===== Material provided

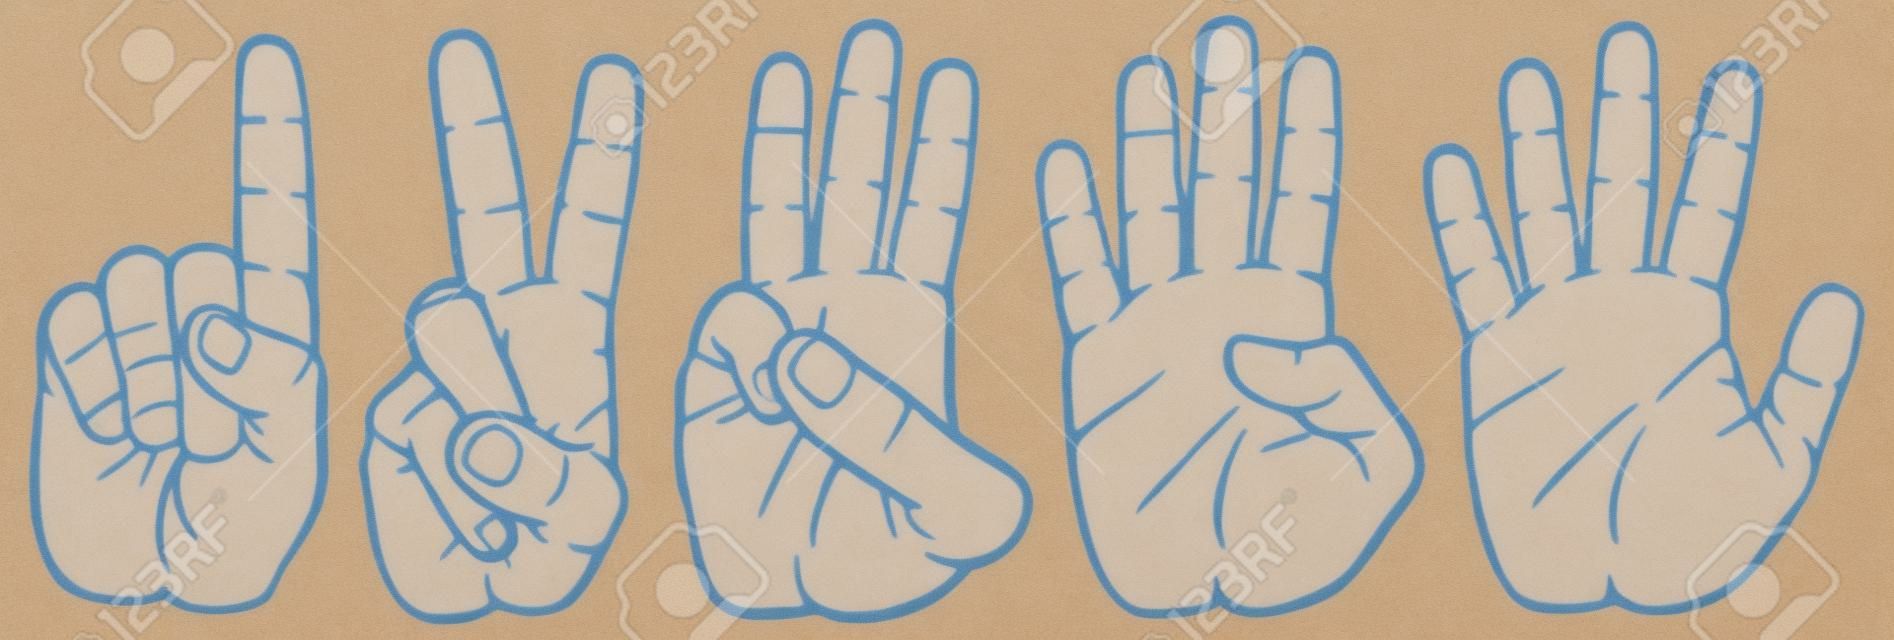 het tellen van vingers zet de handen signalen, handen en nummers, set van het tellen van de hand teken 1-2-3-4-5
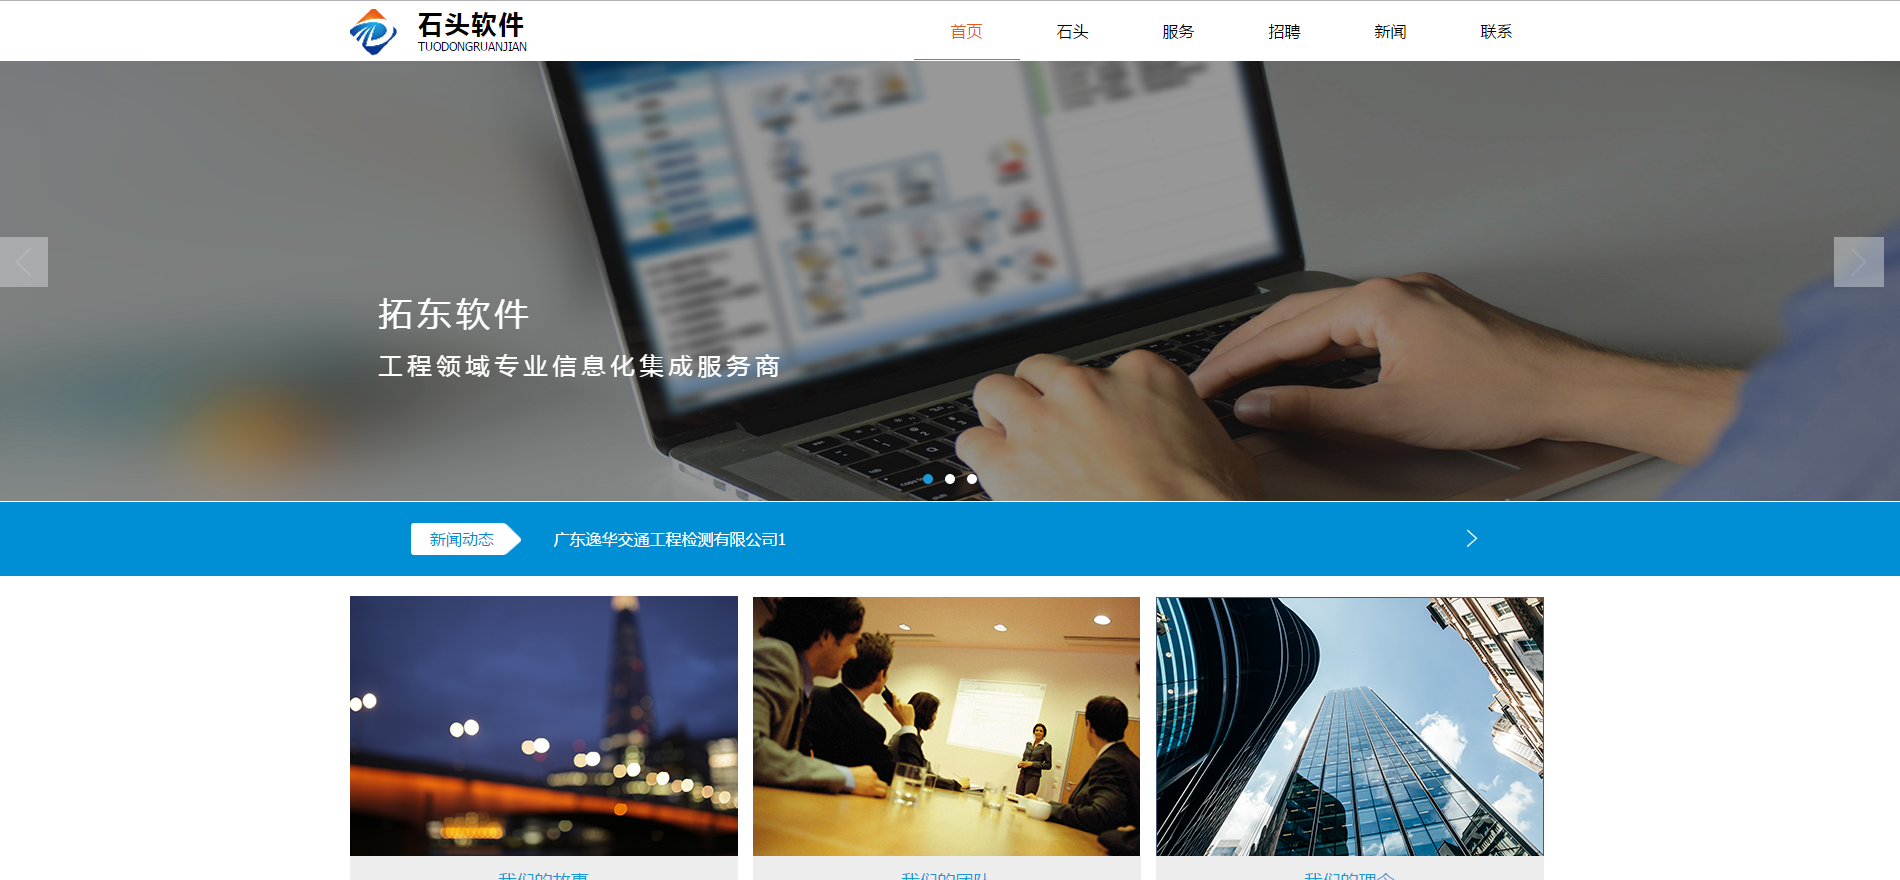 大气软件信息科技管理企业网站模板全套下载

==========
===== Material provided

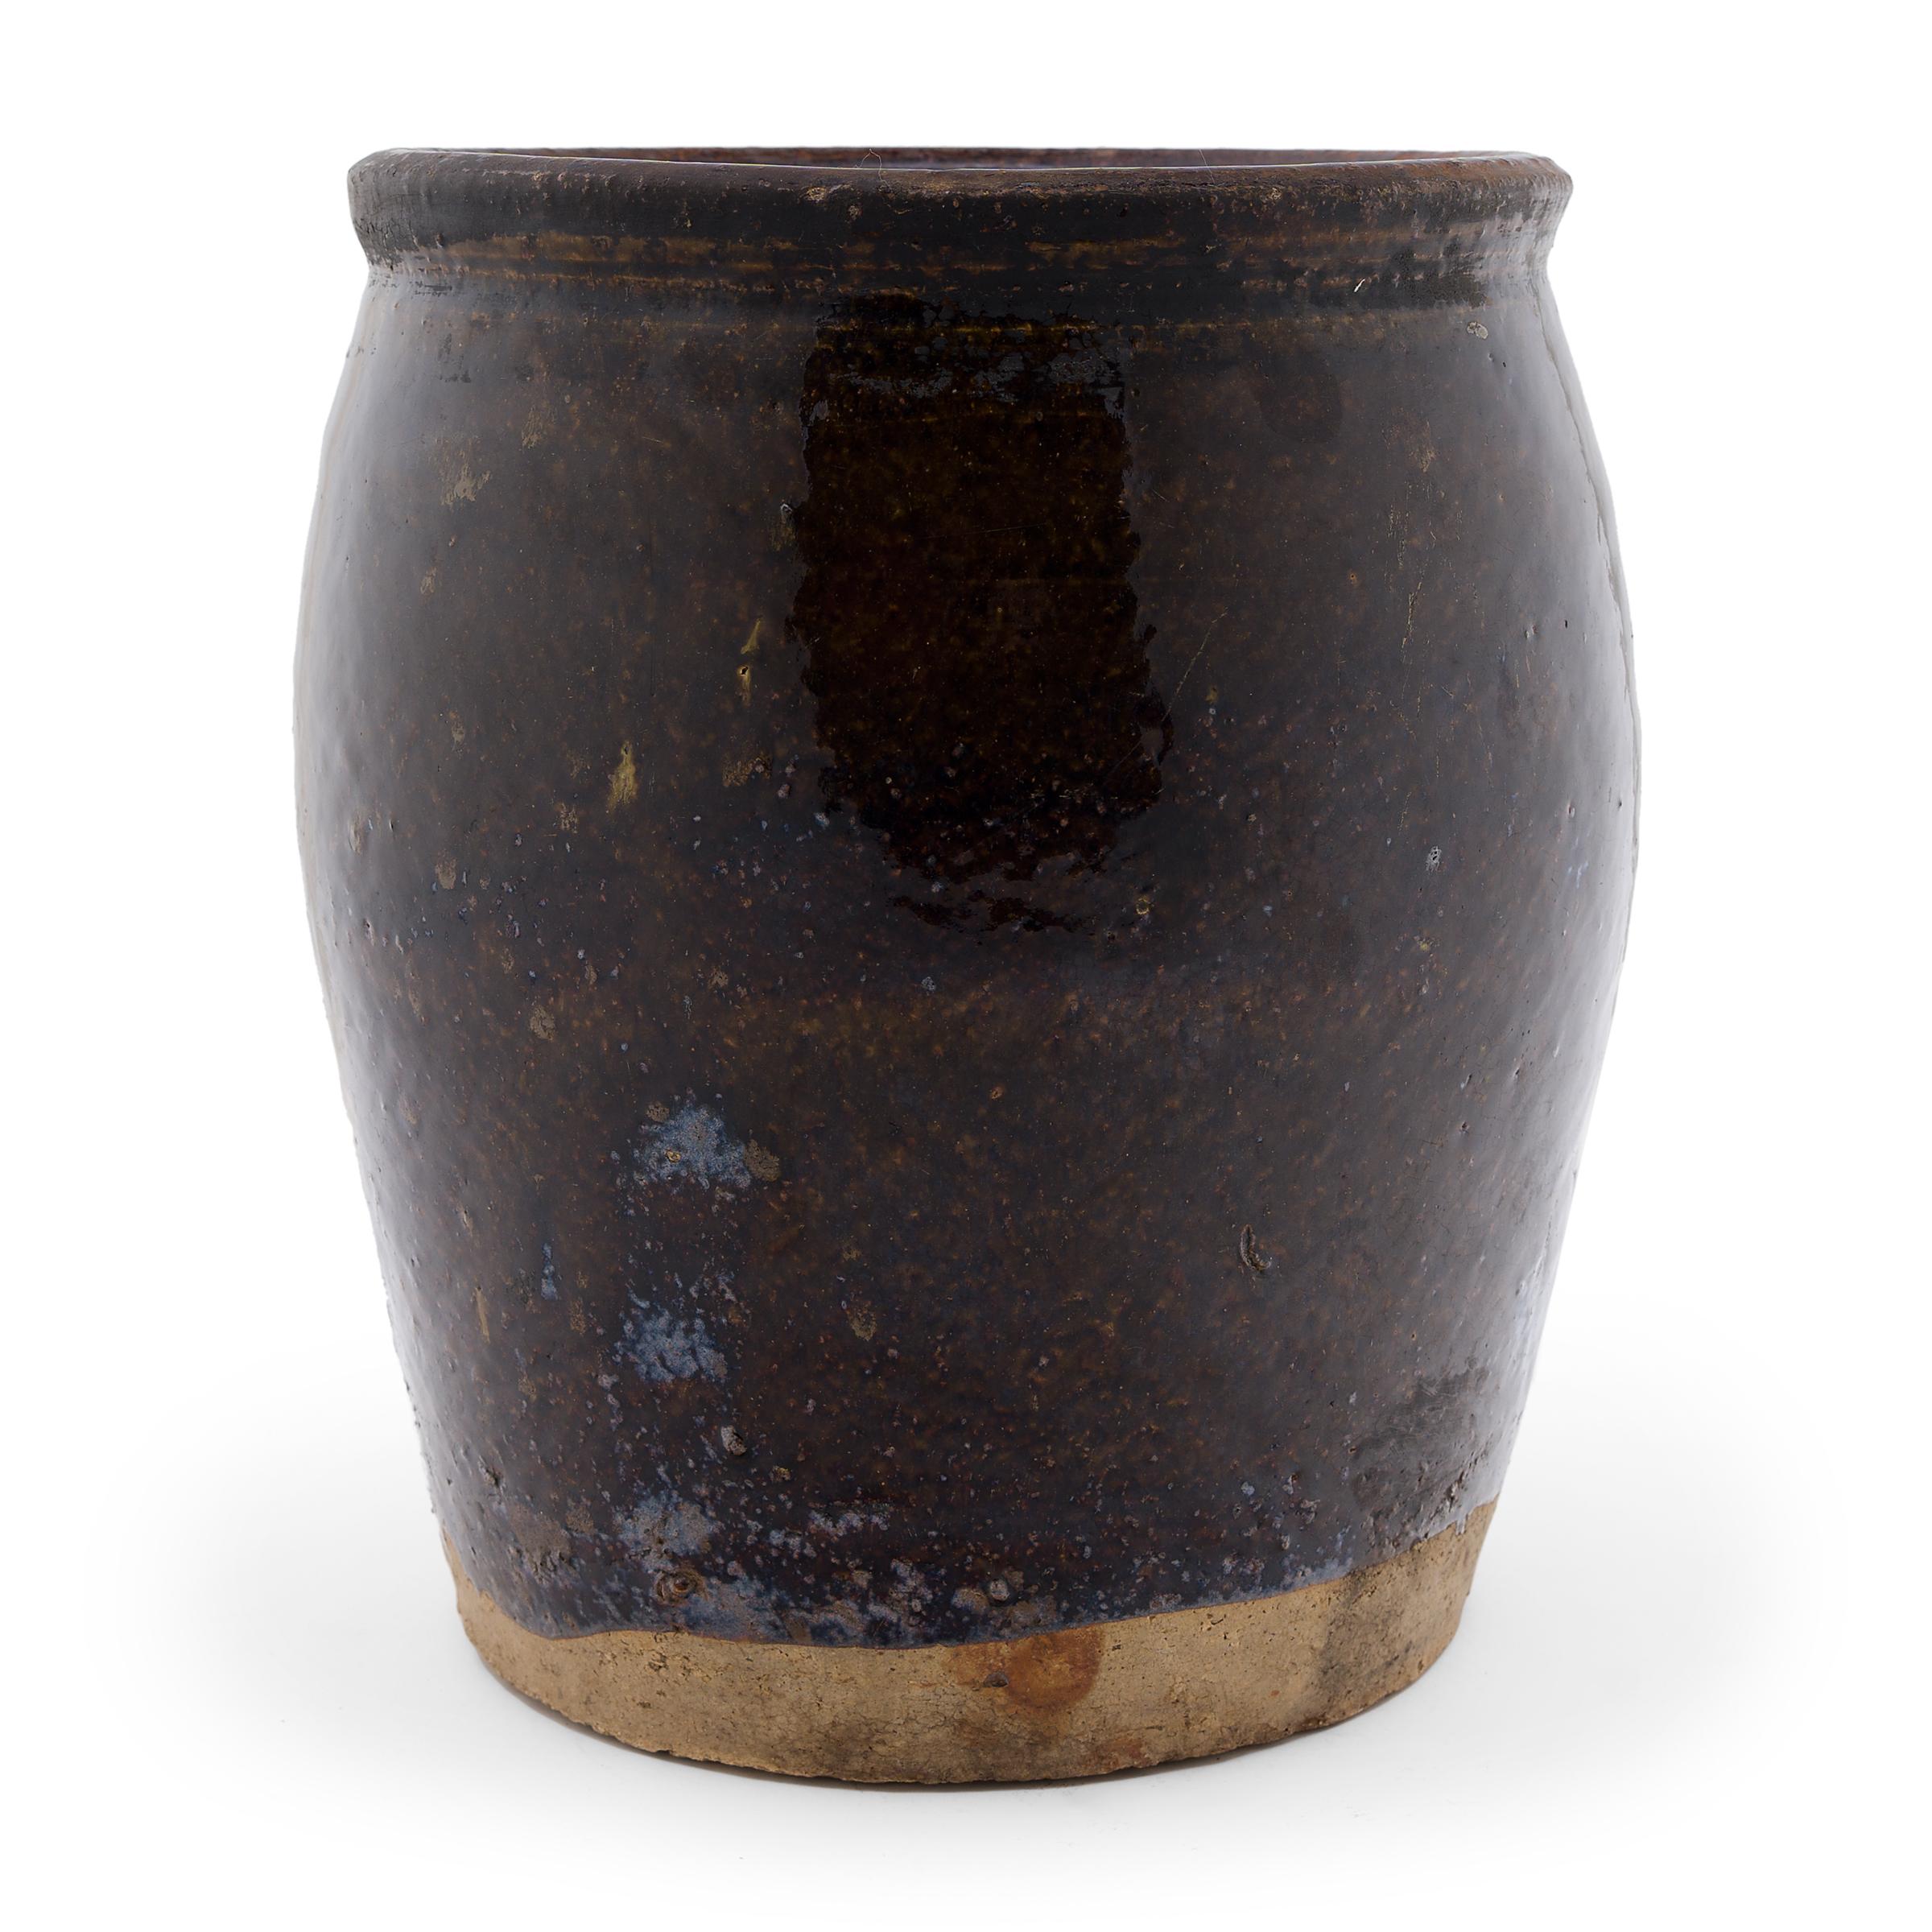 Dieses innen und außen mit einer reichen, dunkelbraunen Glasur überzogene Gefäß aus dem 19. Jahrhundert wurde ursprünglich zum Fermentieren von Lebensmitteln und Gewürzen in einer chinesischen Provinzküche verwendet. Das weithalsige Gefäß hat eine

==========
===== Material provided

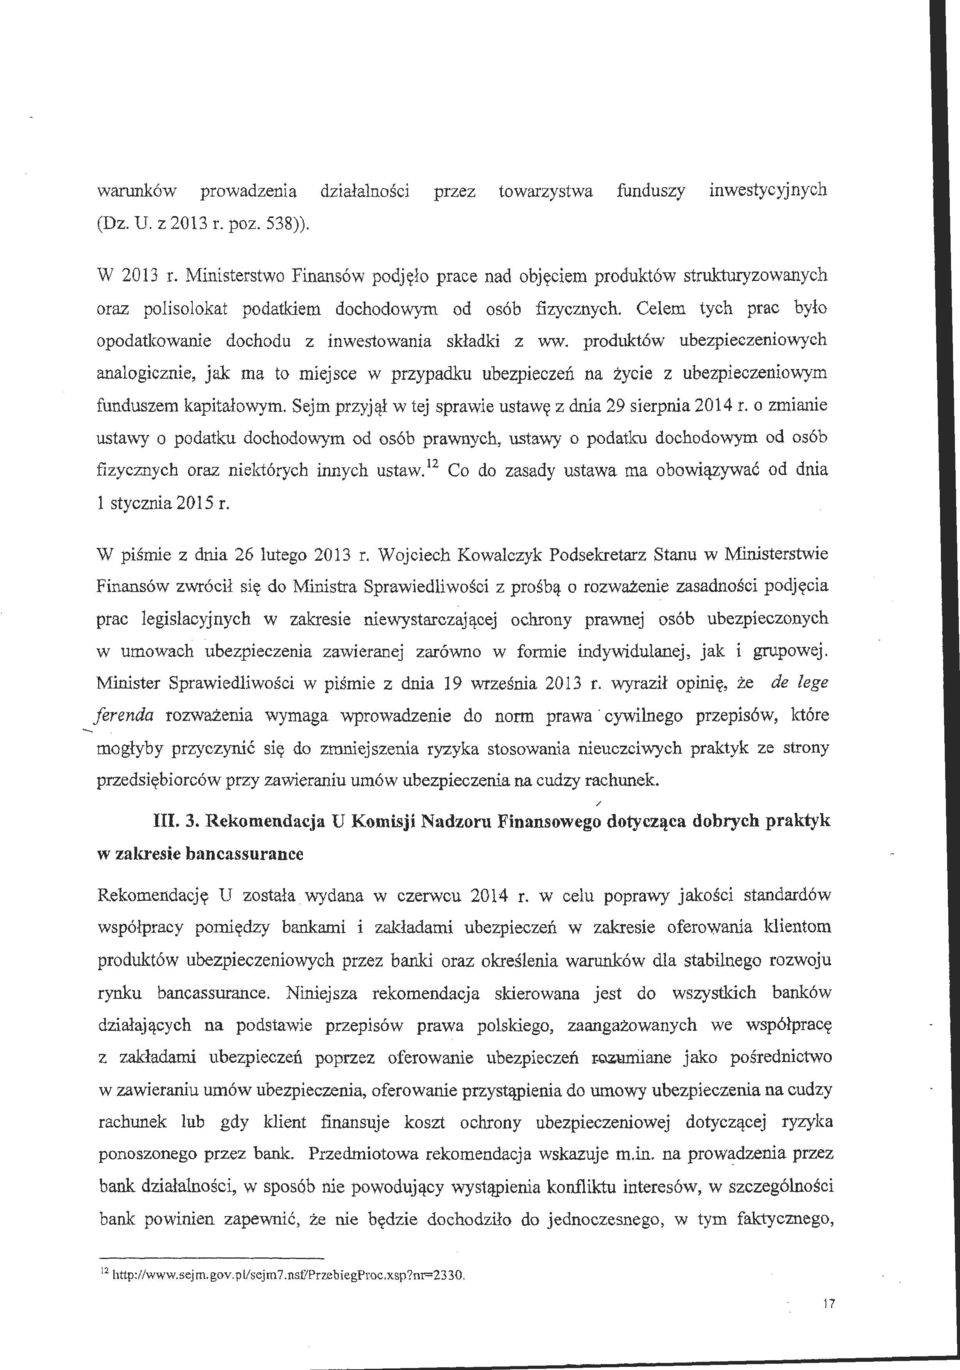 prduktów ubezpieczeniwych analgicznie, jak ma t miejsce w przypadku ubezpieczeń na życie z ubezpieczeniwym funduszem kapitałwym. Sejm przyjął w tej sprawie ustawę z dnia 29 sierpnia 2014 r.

==========

Try it - The reply should hold the entries above from the line with "het tellen van vingers" to the line with "大气软件信息科技管理企业网站模板全套下载", duplicated exactly, pictures excluded.

Result for this task -
 het tellen van vingers zet de handen signalen, handen en nummers, set van het tellen van de hand teken 1-2-3-4-5
 大气软件信息科技管理企业网站模板全套下载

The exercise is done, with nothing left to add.